ミスターパーフェクトは恋に無力

第2部 Mr.パーフェクトは恋に無力
第6章 Become one

5.償いにはならなくても

「千雪、お母さんがもうすぐ来る。同席してほしいそうだ」
 旭人が出ていったあと、しばらくしてから戻ってきた建留は出し抜けにそう伝えた。
 麻耶がここに来たがらないことを知っていたから、千雪は一瞬、意味が判断できなかった。
「同席って?」
「ばあさんと話すことがあるらしい。それに千雪も立ち会ってほしいそうだ」
 躊躇していると、建留が傍に立ってじっと千雪を見下ろす。千雪もまたつぶさに見上げていると、建留の顔になんらかの感情がよぎった。
「旭人にはほんとに気を許してるな。泣いた痕がある」
 ついさっきまでここで何があったか、見当をつけたらしい建留はぶっきらぼうに放った。メイクは直しても目が赤いのはおさまらず、隠しようがない。
「建留の親友を信用しちゃいけない?」
「それとこれとは別問題だ」
「……しょっちゅう泣いてるわけじゃないし」
「あたりまえだ」
 がんばって切り返しているつもりが、だんだんと雲行きが怪しくなっていく。
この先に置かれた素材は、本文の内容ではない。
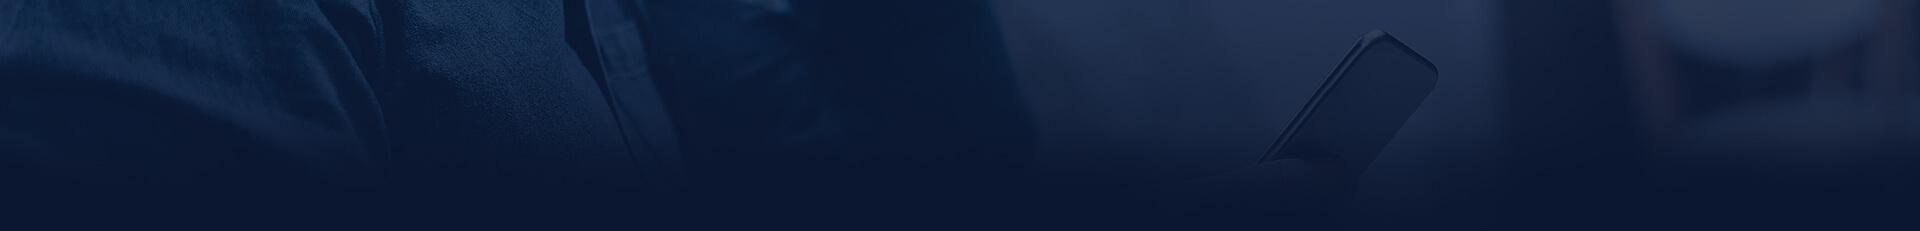 app-innovation-banner

千雪は口を噤んだ。
 何か千雪が云うのを待っているのか、それとも、自浄作用が起きているのか、建留まで黙りこむ。
 やがて、中断されたキスの続きを仕掛けてきたときは、不機嫌オーラは消えていた。首を傾けて覗きこむようにしたキスは、くちびるに触れただけで終わる。それからタートルのセーターの上から右肩に口づけて、建留は顔を上げた。

「どうして肩?」
「おれの証しがここにある」
「……所有物ってこと?」
 千雪が顔をしかめると建留は薄らと笑う。
「それだけじゃない。“戒(かい)”でもあるし……ジアイマーラの習慣を調べてみるといい。まあ、千雪は王族じゃないけど」
 肩をすくめた建留は、わずかに首をひねると話を戻した。
「まともに云っても拒絶は目に見えてるから、ばあさんを捕まえるにはティタイムがチャンスだ。千雪もお母さんも歓迎されるとはいかないし、不快だろうけど……」
 建留は語尾を濁した。
「たぶん、平気」
 建留は可笑しそうに口を歪める。
「出かけるまえにどうだったか見届けたいってのもある。千雪の気が変わって、捜索願を出す破目にはなりたくない」
 散々な云い分だが、なじるのはぐっと堪えた。建留が心(しん)から落ち着けるよう、何か手立てを探すほうが先決だ。
「建留からは逃げない」
 限定したことは建留を笑わせてしまう。
「ああ。もう何もかも吐きだすほうがいい。おれはそう思ってる」
「うん」

 建留について階段をおりてしまうと、麻耶が浅木に案内されて廊下を歩いてくるところだった。そこへ、書斎から滋が現れる。麻耶は千雪を認めて笑いかけたのもつかの間、立ち止まって深々と一礼をした。
「加納会長、ご無沙汰しています」
「麻耶、堅苦しい呼び方も云い方もやめなさい。いつも云っているだろう」
「はい。今日はまた掻き乱すことになります。あとのことは……お父さんに任せます」
「わかっている。建留」
 滋は重々しくうなずいてこっちを振り返った。
「はい」
 建留に背中を押されて麻耶と合流した。
「お母さん」
「あなたも聞いていてちょうだい。すれ違うことの悲しさを知っておくといいわ。建留さんと、二度とそういうことのないように」
 麻耶は深刻な様で千雪にそう云ったかと思うと、「建留さん、男子禁制よ」と茶目っけたっぷりで建留の笑みを誘った。
 ティルームのドアをノックして返事を待たずにドアを開けると、建留の手が、大丈夫だ、そんな言葉を秘めて千雪の背中を押した。
 紅茶の甘い香りがほのかに漂うなか、千雪のあとから麻耶が入る。ちょうど振り向いた茅乃の目に批難が映った。
「何事かしら、今日は」
 冷ややかな第一声を出すと、茅乃はまたもとの位置に背中を向けた。出ていけ、とすぐさま追いだされなかっただけましなのかもしれない。
 麻耶は茅乃の背中に向かって、滋にしたように会釈をした。あえて茅乃の視界に入ることはせず、麻耶は話しだした。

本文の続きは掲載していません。